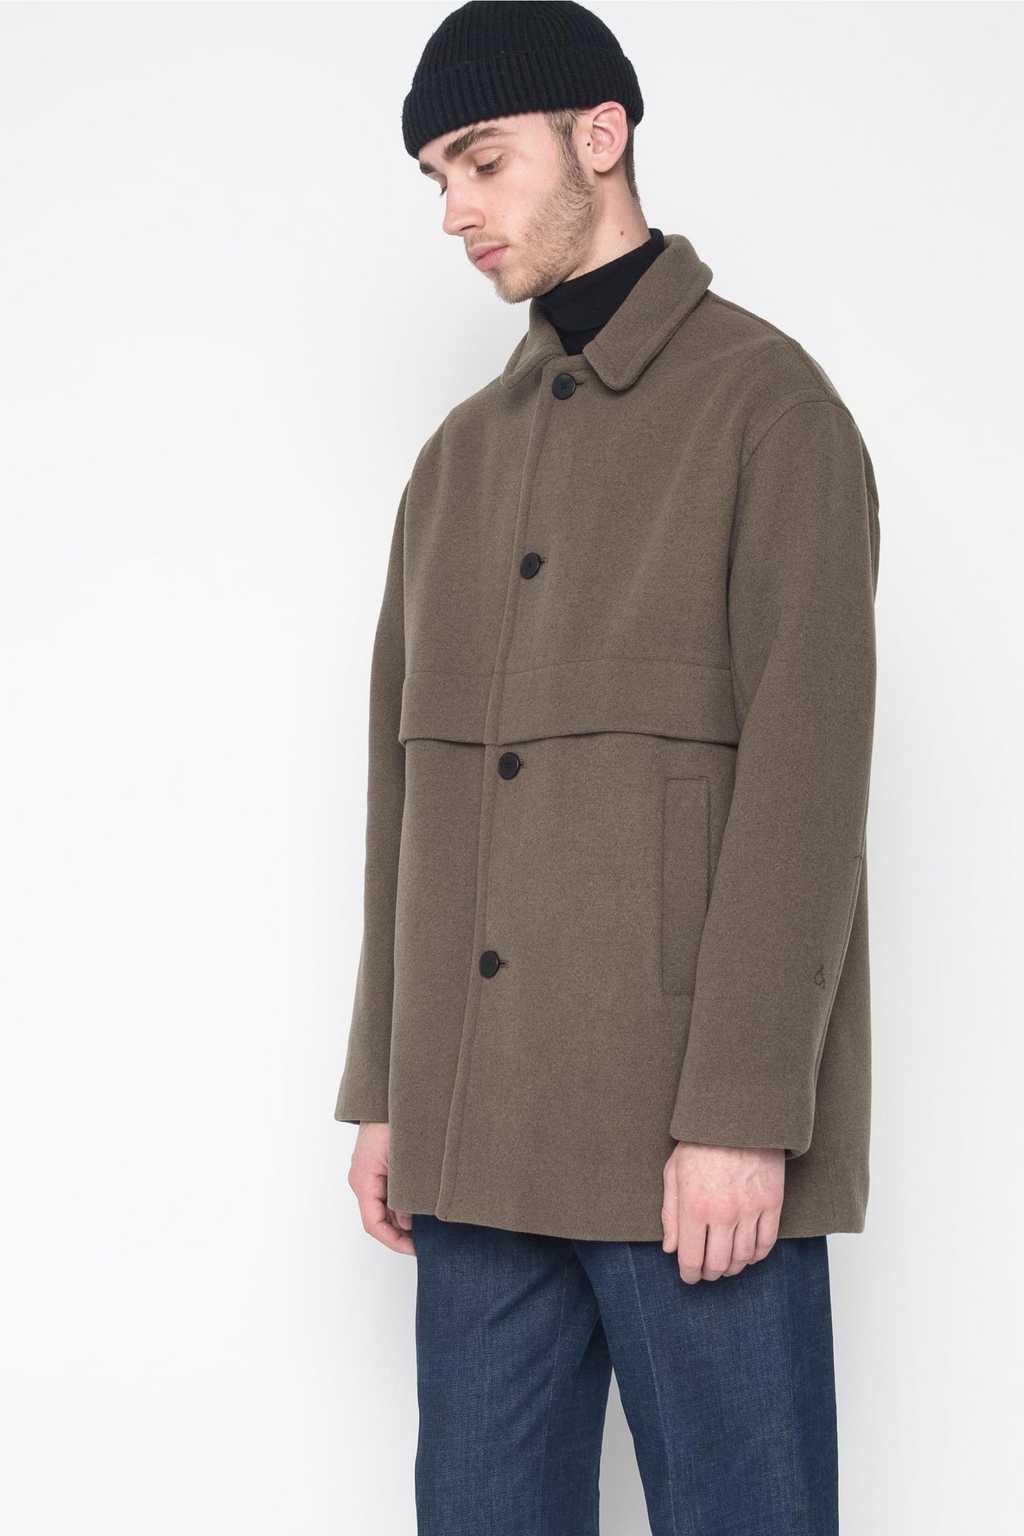 Coat 4134 Olive 2
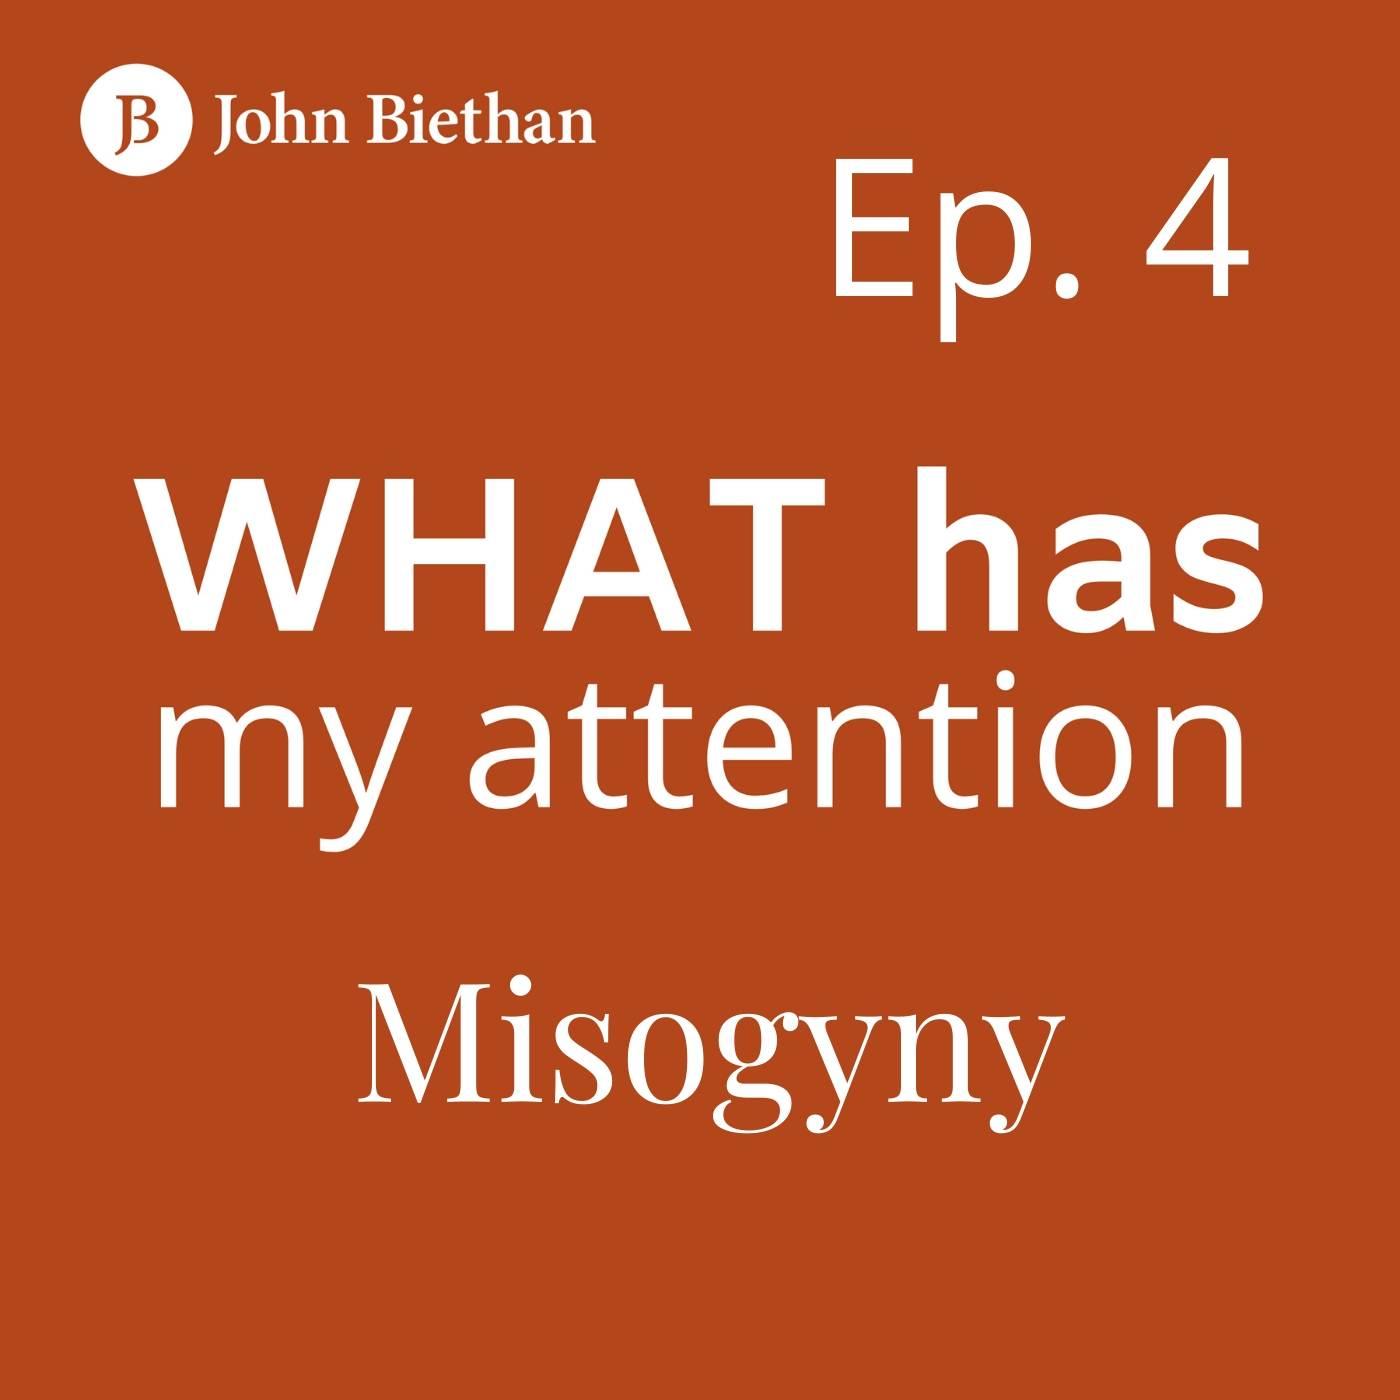 Ep. 4 Misogyny
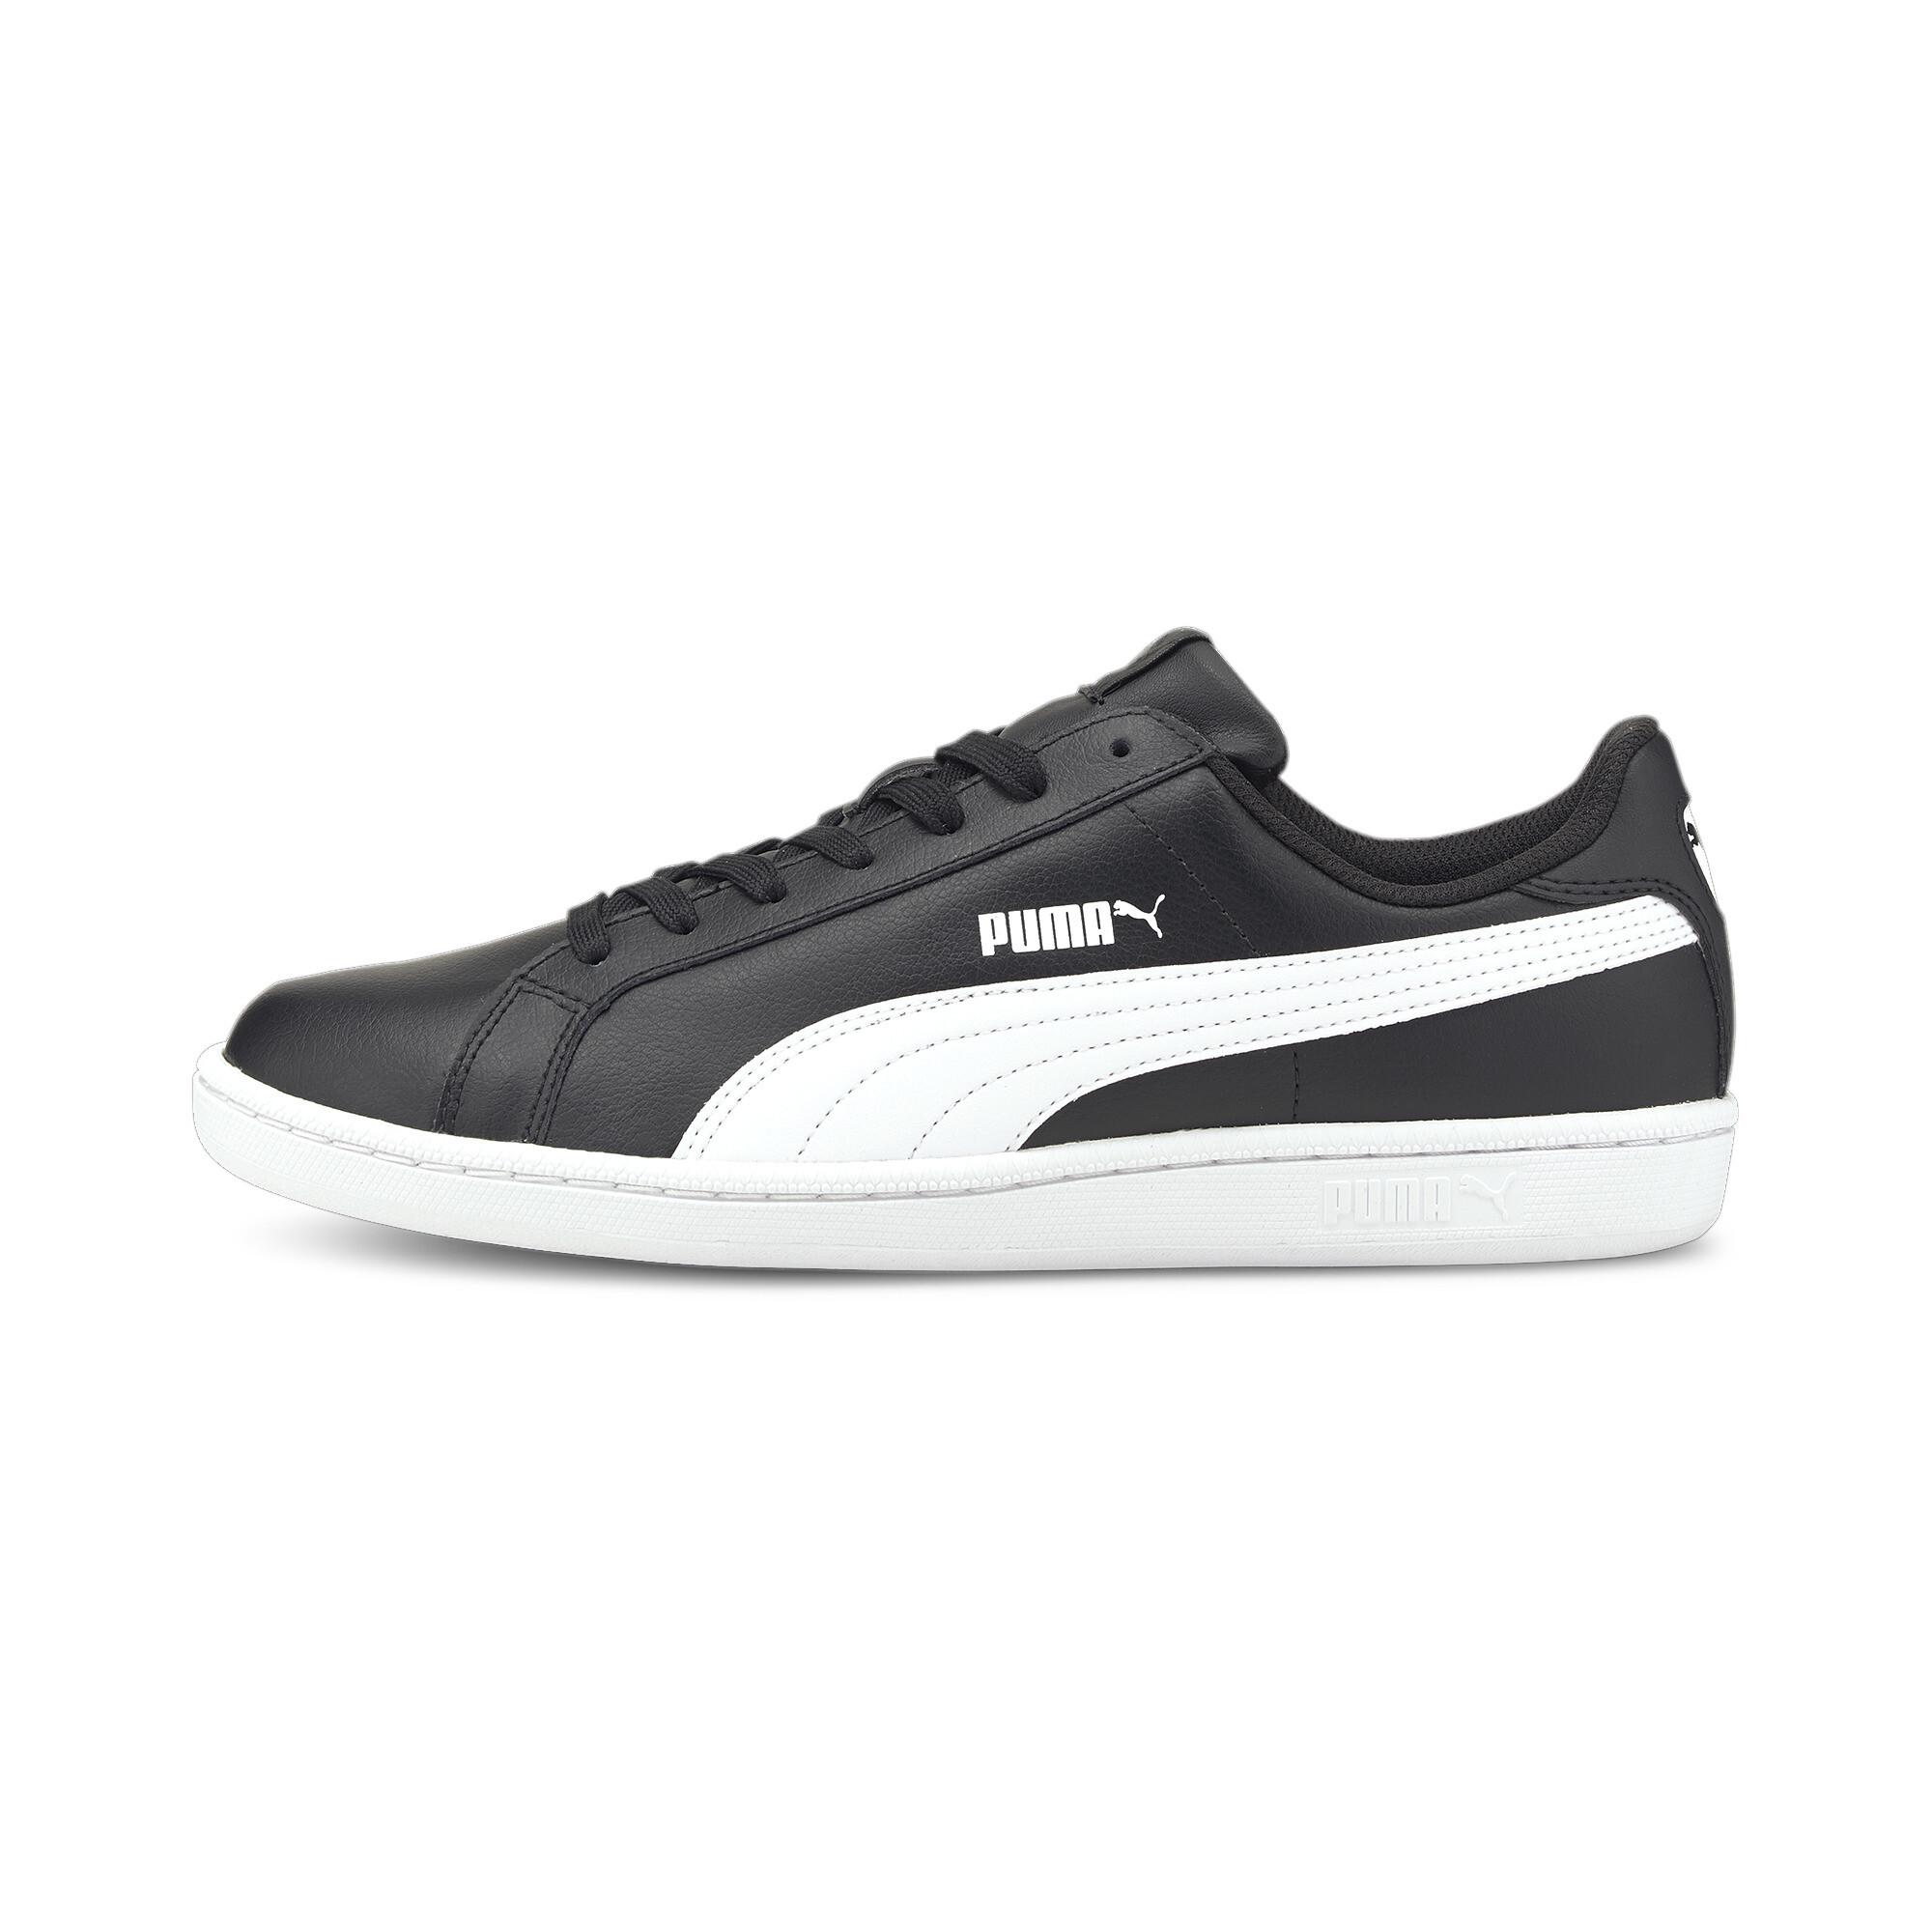 PUMA-Smash-Trainers-Schuhe-Sneakers-Sport-Classics-Unisex-Neu Indexbild 24
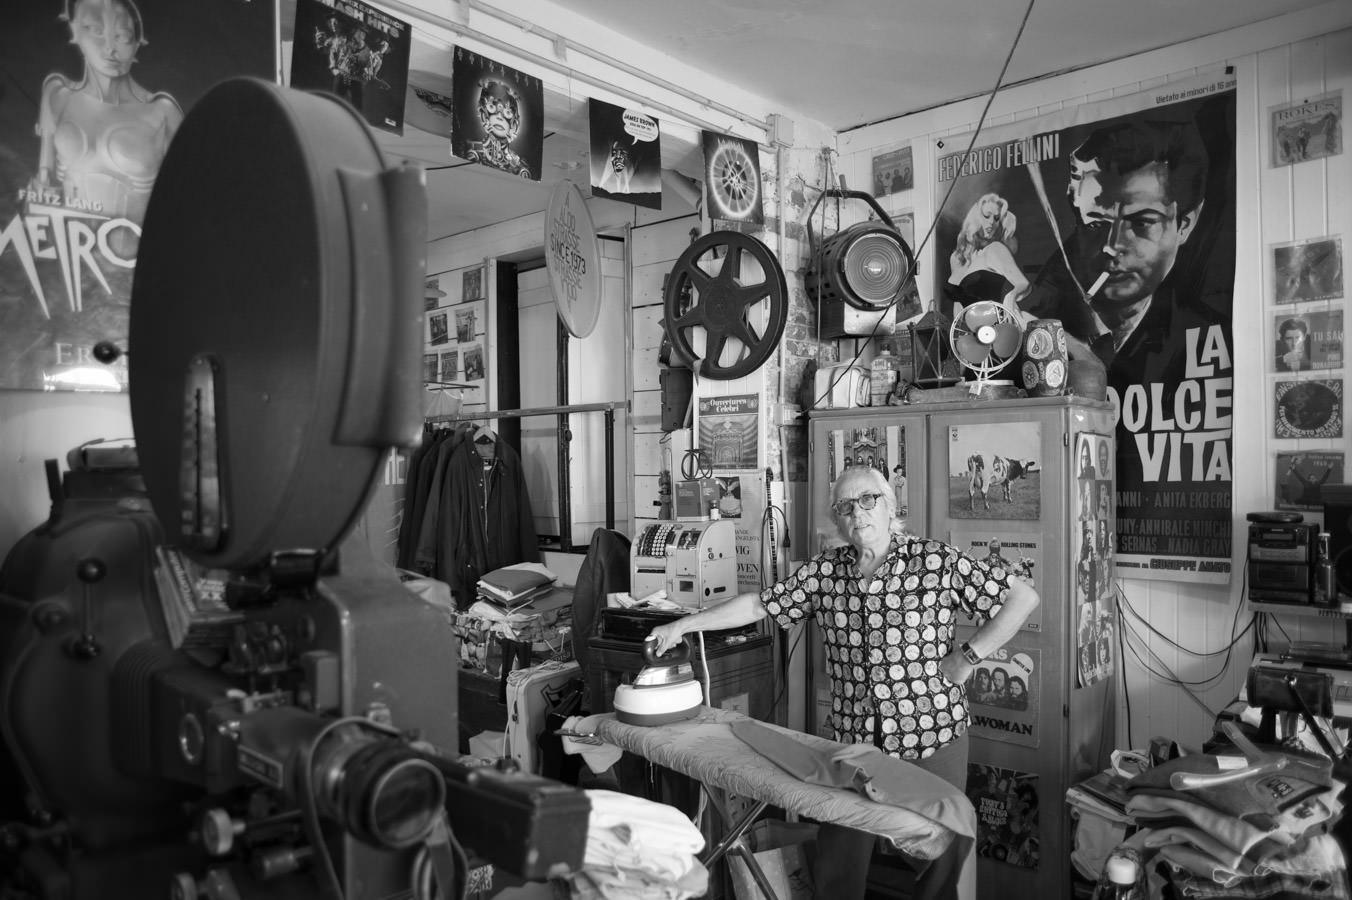 Inside the shop of Aldo Strasse.
----
* Exercise instructions:
Transcribe the material exactly, leaving every picture out.

* Expected answer:
 Coat 4134 Olive 2
 Ep. 4 Misogyny
 PUMA-Smash-Trainers-Schuhe-Sneakers-Sport-Classics-Unisex-Neu Indexbild 24
 Inside the shop of Aldo Strasse.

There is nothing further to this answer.